An atom absorbs a yellow photon in the transition from its 2s to its 3s state (see figure on the left, not drawn to scale). What color photon might it emit in a transition from the 3s to the 2p state?
Your figure is certainly not "drawn to scale." It isn't drawn at all.
For hydrogen, the energy of levels 2p and 2s are the same. Therefore the emitted color would be yellow, the same as the absorbed color.
Your missing figure may depict a different situation.
To determine the color of the photon that might be emitted in the transition from the 3s to the 2p state, we need to understand the energy levels and transitions within an atom.
In an atom, electrons occupy distinct energy levels or shells around the nucleus. These energy levels are labeled with quantum numbers, such as 1s, 2s, 2p, 3s, etc. When an electron transitions between different energy levels, it can either absorb or emit a photon. The energy of the photon is directly related to the energy difference between the two energy levels involved in the transition.
In this case, the atom absorbs a yellow photon during the transition from the 2s to the 3s state. This tells us that the energy difference between the 2s and 3s states corresponds to the energy of a yellow photon.
To determine the color of the photon that might be emitted in the transition from the 3s to the 2p state, we need to find the energy difference between these two states. The energy difference will determine the color of the photon emitted.
The energies of different energy levels in an atom can be calculated using the Rydberg equation:
1/λ = RZ²(1/n₁² - 1/n₂²)
Where:
- λ is the wavelength of the photon
- R is the Rydberg constant (approximately 1.097 × 10^7 m⁻¹)
- Z is the atomic number (number of protons in the nucleus)
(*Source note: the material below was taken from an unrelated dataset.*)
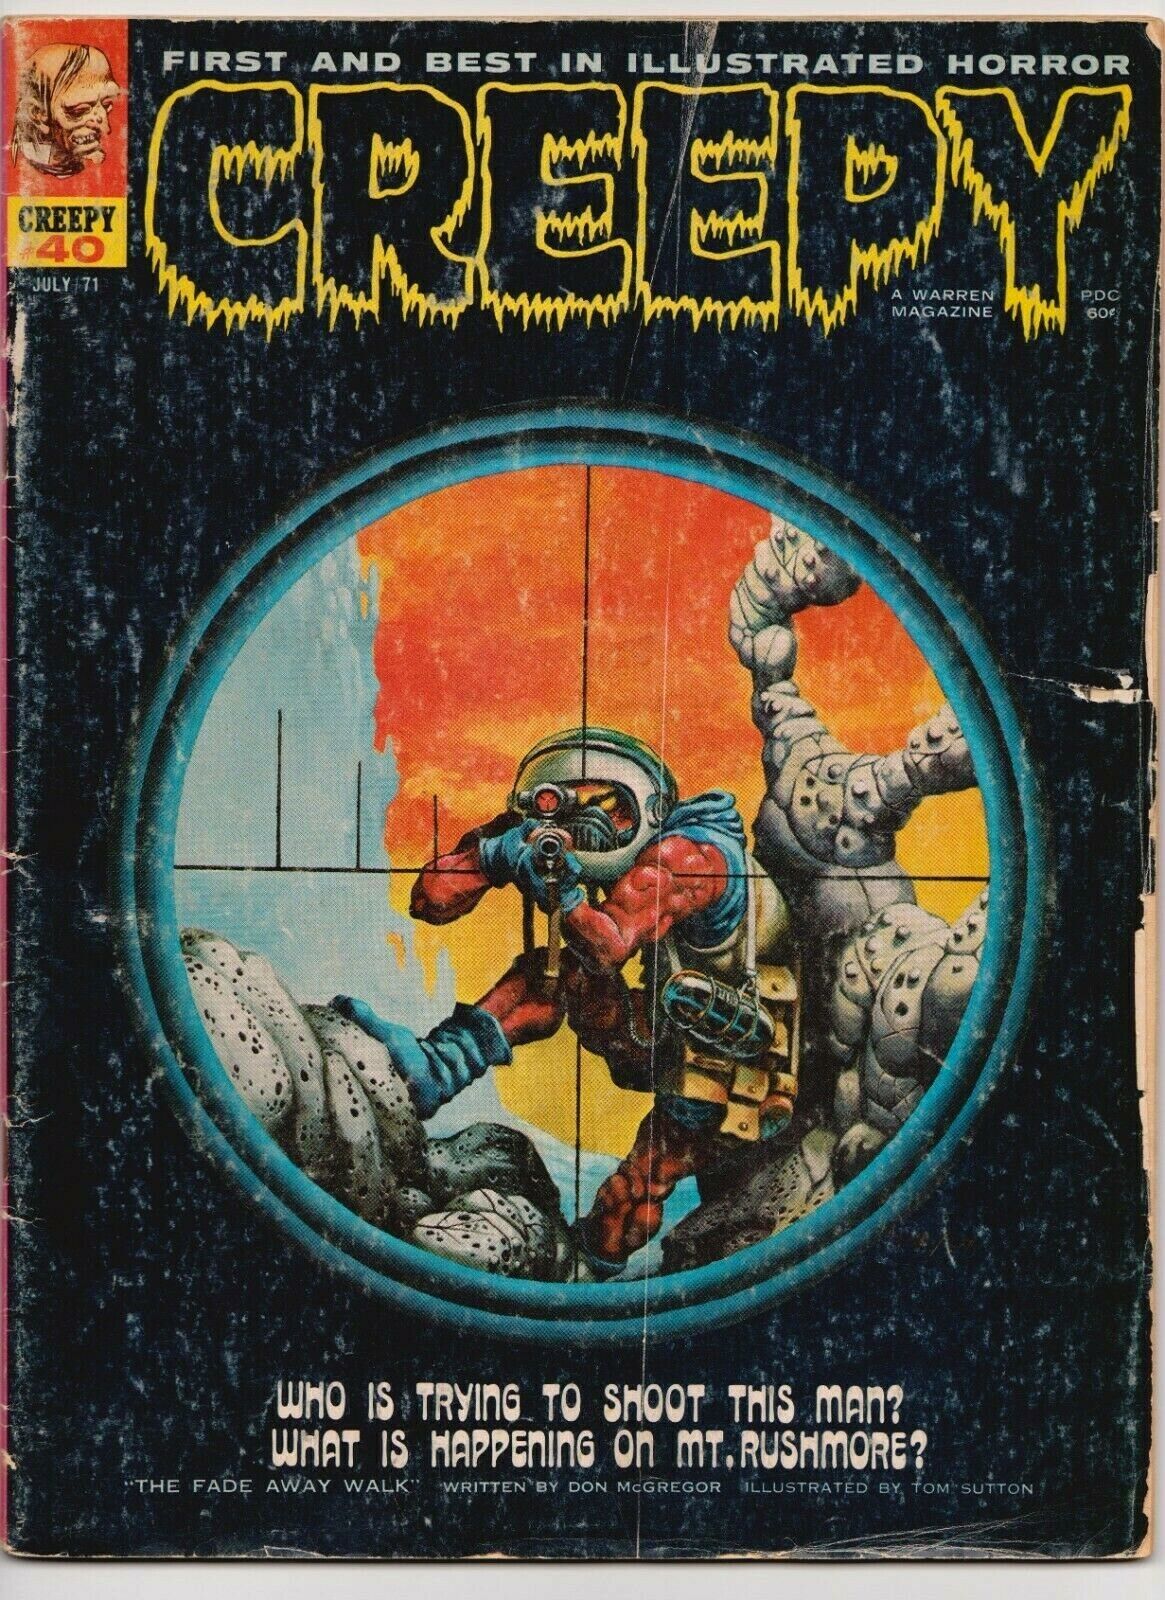 Creepy Magazine No. 40 July 1971 Illustrated Horror A Warren Magazine

- n₁ and n₂ are the principal quantum numbers of the initial and final energy levels, respectively
For the transition from the 2s to the 3s state, we know that a yellow photon is absorbed. Since the color yellow corresponds to a specific wavelength (around 570-590 nanometers), we can use the wavelength to find the energy difference between the 2s and 3s states.
1/λ = RZ²(1/n₁² - 1/n₂²)
By substituting the known values, including the wavelength corresponding to yellow light, you can solve for the initial and final quantum numbers (n₁ and n₂).
Once you have determined the values of n₁ and n₂ for the 3s to 2p transition, you can use the Rydberg equation again to find the corresponding wavelength or color of the emitted photon.